Northeastern hill ranges
stretch over six Indian states Assam, Nagaland, Manipur,
Mizoram, Tripura and Meghalaya, extending over Bangladesh and
northern Myanmar, touching the southern slopes of the Brahmaputra
valley and the northern, eastern and southern slopes of the
Barak valley. The Meghalaya plateau covers the entire state
of Meghalaya and the Karbi hills of Assam.
The climate and rainfall of the area varies considerably
across the region. Encircled by hills and plateaus, rainfall
varies even more than temperatures. The average annual rainfall
reaches a peak of 13,390 mm in the Cherrapunji-Mawsynram region.
But areas that fall in the rainshadow region of the Meghalaya
plateau need irrigation. While the northern slopes of the
Brahmaputra valley receive an annual average rainfall of 2,500
mm, the area south of the valley and the northern part of
Meghalaya receive an annual rainfall of about 2,000 mm.

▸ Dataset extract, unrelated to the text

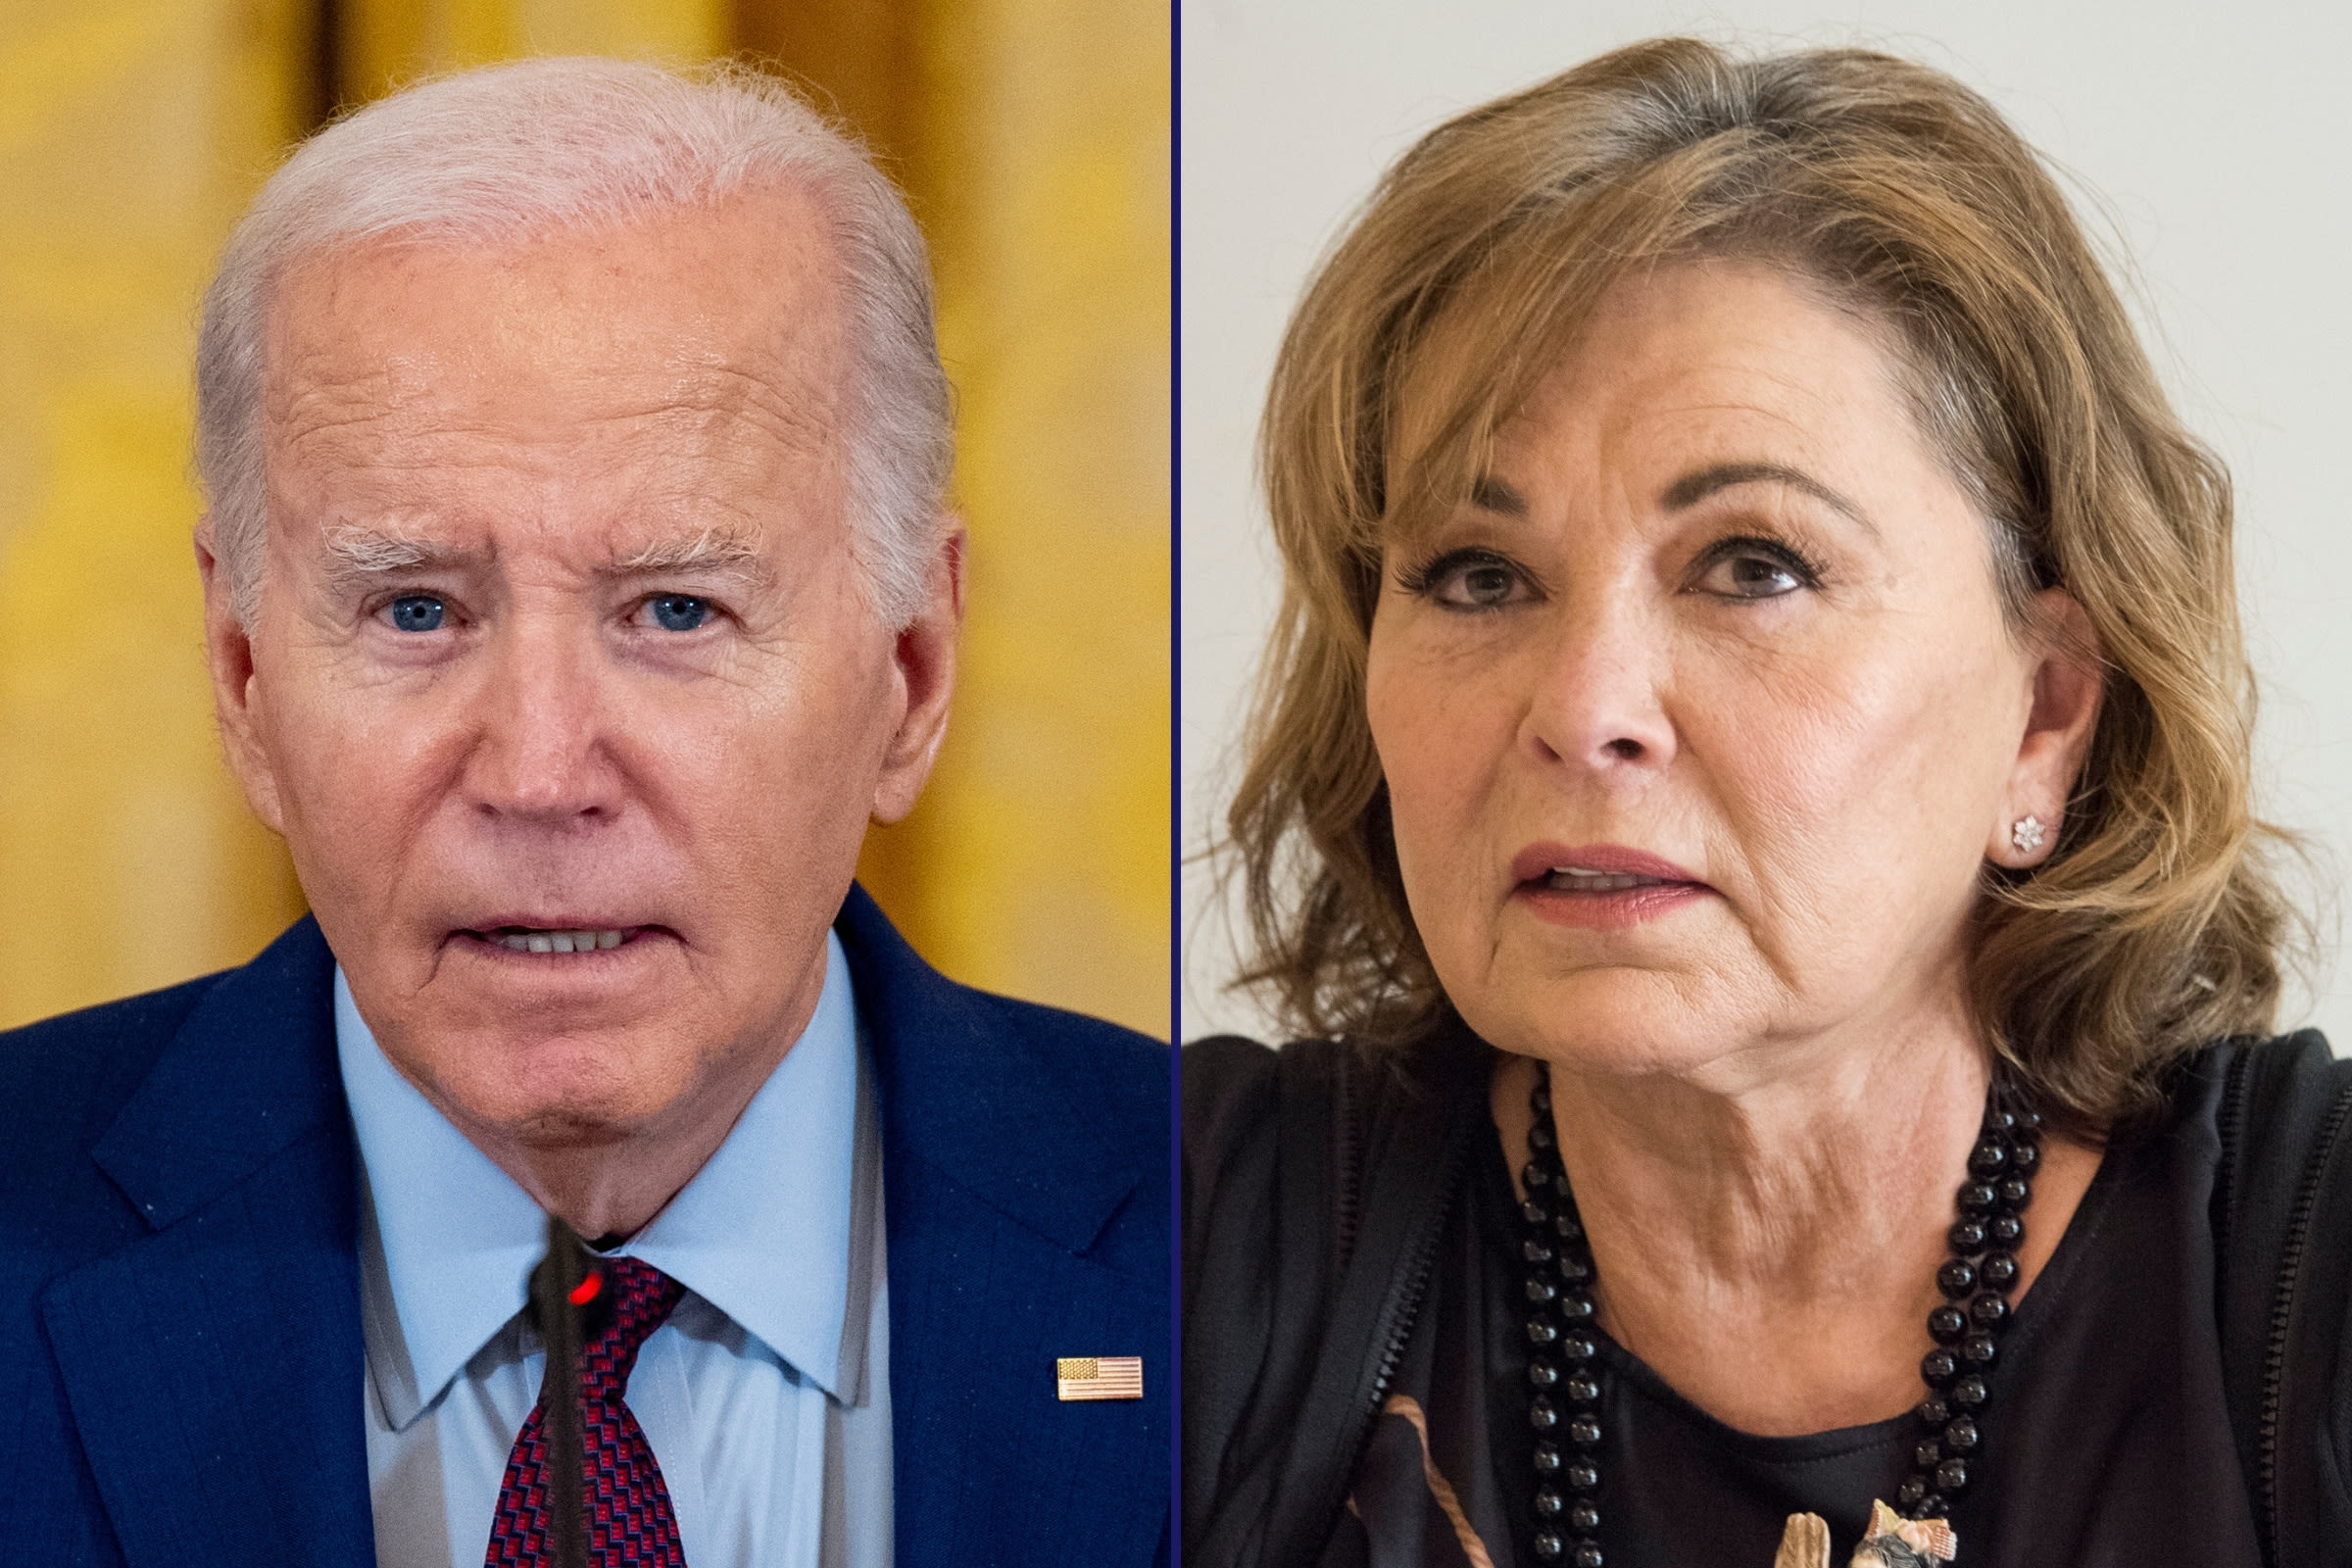 Roseanne Barr's Joe Biden remarks spark fury

Distribution of the population in the Northeast is also very
uneven. Within the plains there are pockets of very high population
density, such as the Manipur plains (400 persons/sq km) and
the Nowgong plains (302 persons/sq km). The vast hill tracts,
however, have a low population density.
The water resources potential of the region is the largest
in the entire country. Given its heavy rainfall, it also has
abundant groundwater resources. But only a small part of the
region has been studied to estimate the groundwater potential.
The maximum scope for development of groundwater exists in
Assam, Tripura and Arunachal Pradesh. The available surface
water resources have hardly been tapped because of the rugged
nature of the terrain. Hence, cultivation in the region is
largely rainfed and jhum cultivation (shifting cultivation)
has been widely adopted.2
Nonetheless, there are documented instances of some indigenous
rainwater harvesting systems used for cultivation, of which
some are ingenious. Settled agriculture is practised in the
form of irrigated terrace cultivation in parts of Nagaland
and a few villages of Meghalaya. Channels are dug to irrigate
these fields. The other chief indigenous source of irrigation
is the bamboo irrigation system found in parts of Meghalaya,
and in some villages in the Mokokchung district of Nagaland.